§ WORK INSTRUCTION
Using the listing below, output only the lines from the one that contains "Clutch taske med håndledsrem-31" through the one that contains "Kitchen Faucet Inspiration", inclusive, exactly as given and without images.

§ THE RECORDS
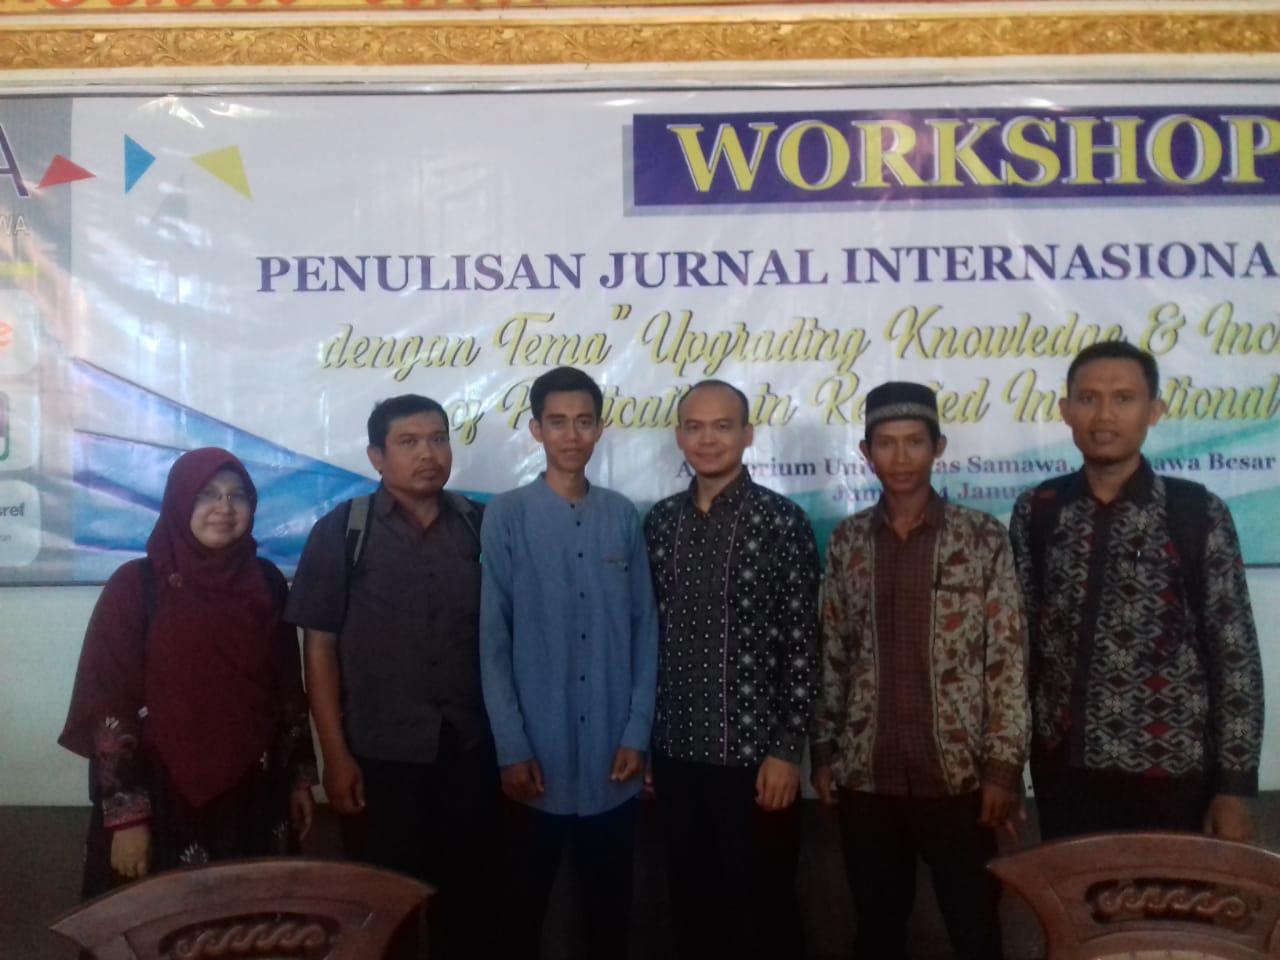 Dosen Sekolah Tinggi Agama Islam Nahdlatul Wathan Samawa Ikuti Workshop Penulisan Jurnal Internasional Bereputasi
...
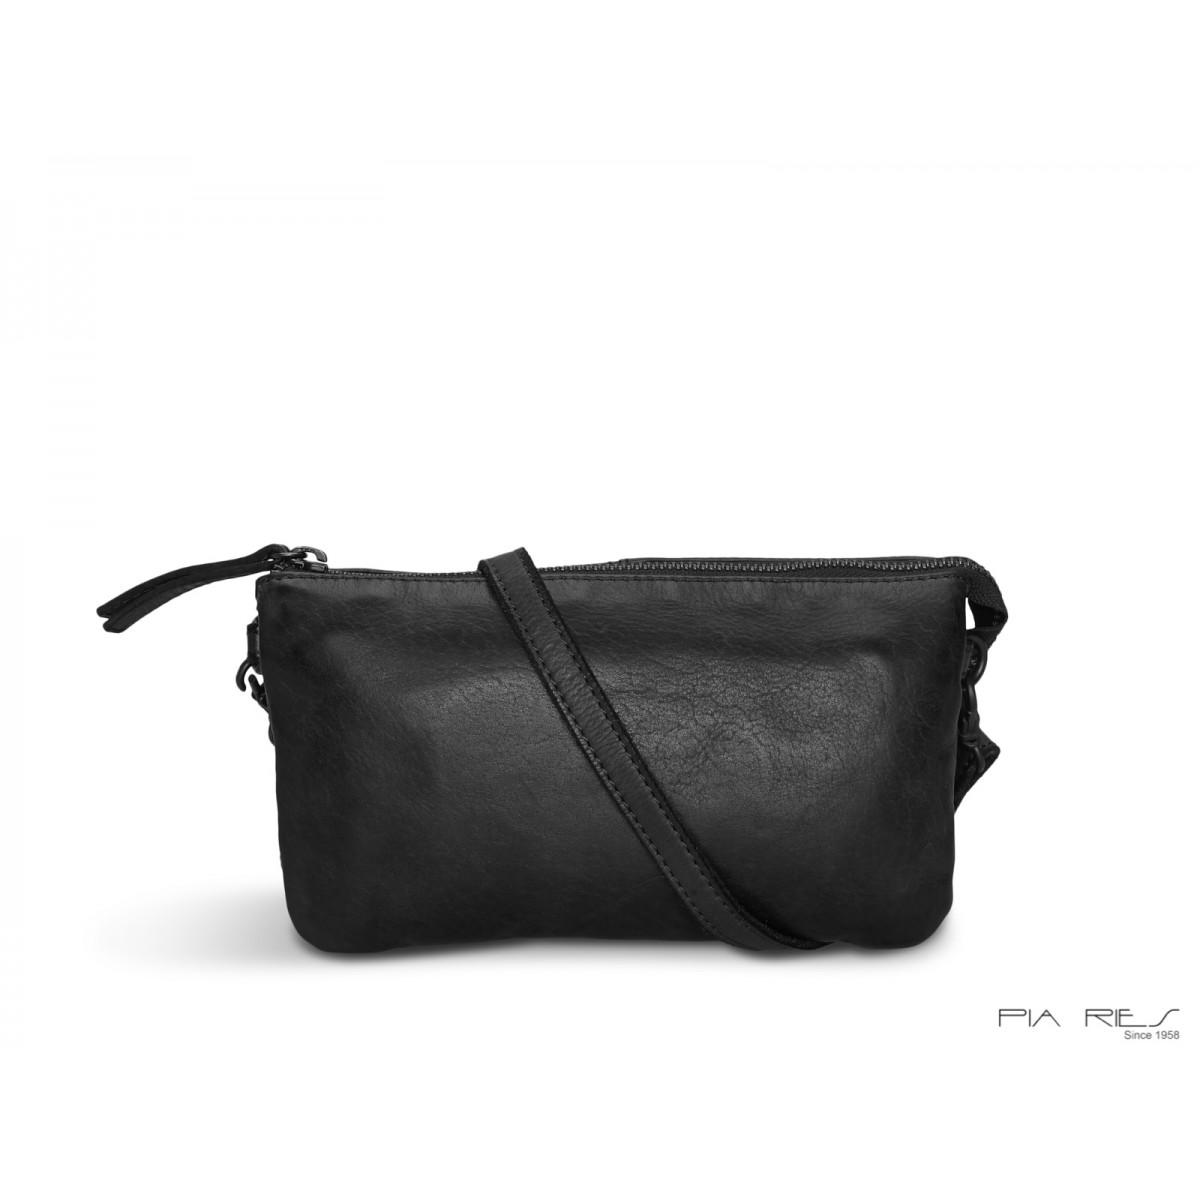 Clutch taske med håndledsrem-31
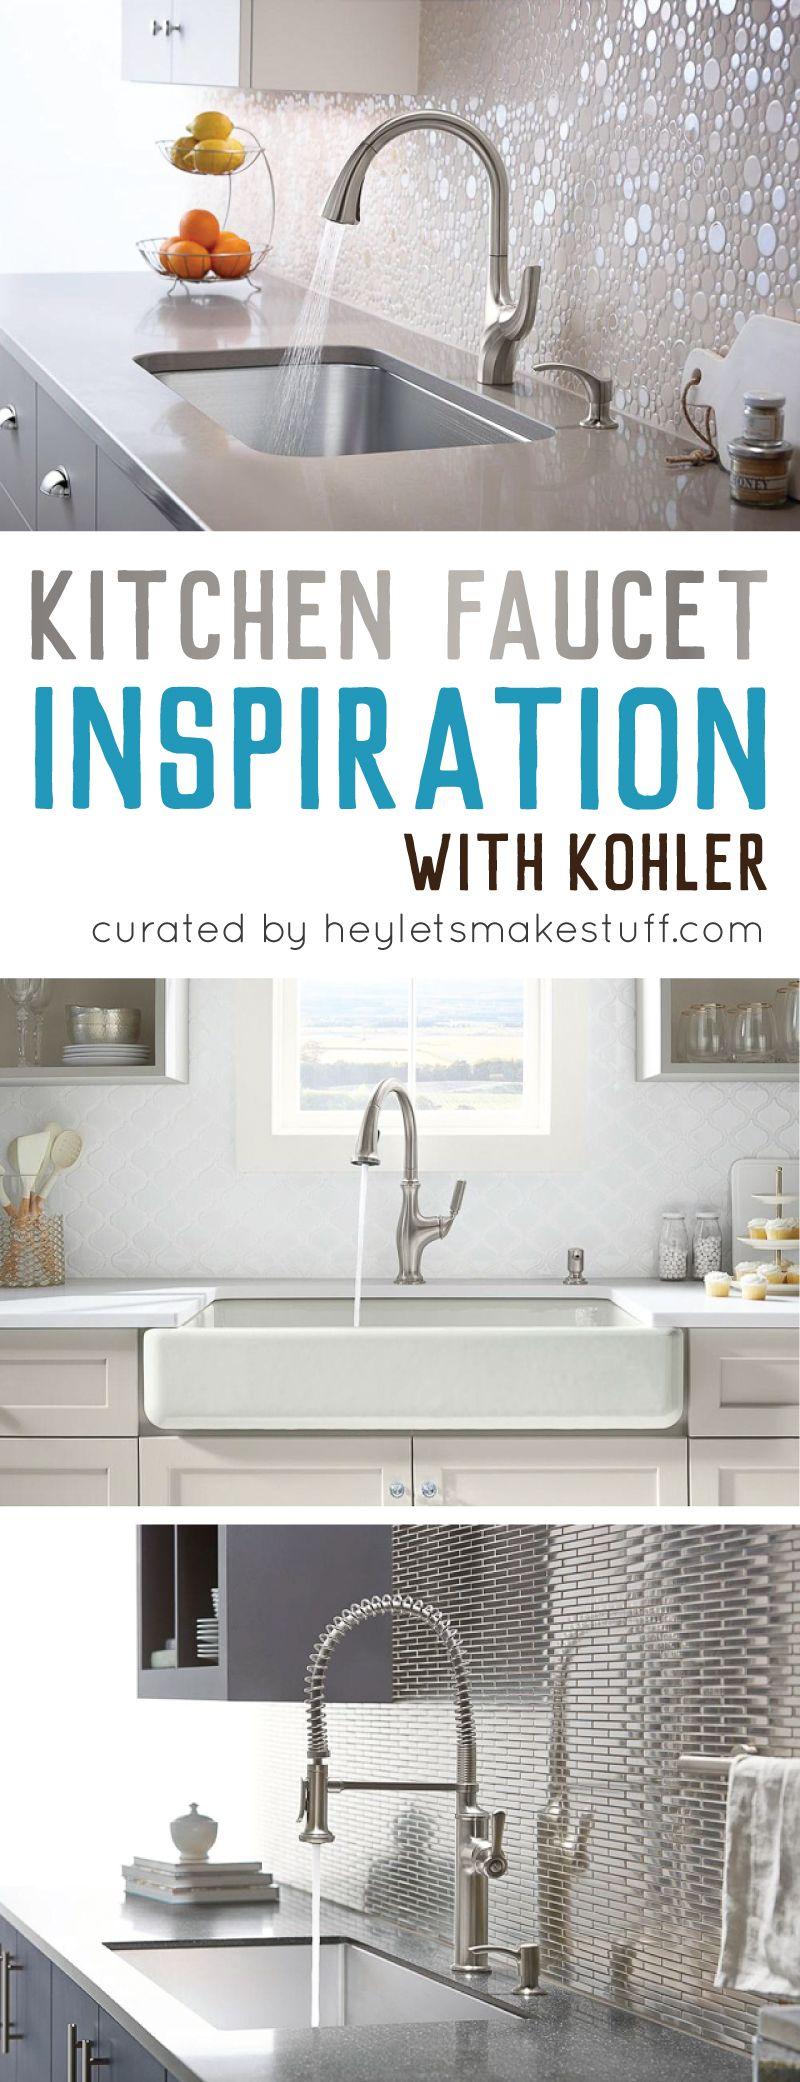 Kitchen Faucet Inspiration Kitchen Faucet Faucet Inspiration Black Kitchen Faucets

§ TASK ANSWER
 Clutch taske med håndledsrem-31
 Kitchen Faucet Inspiration Kitchen Faucet Faucet Inspiration Black Kitchen Faucets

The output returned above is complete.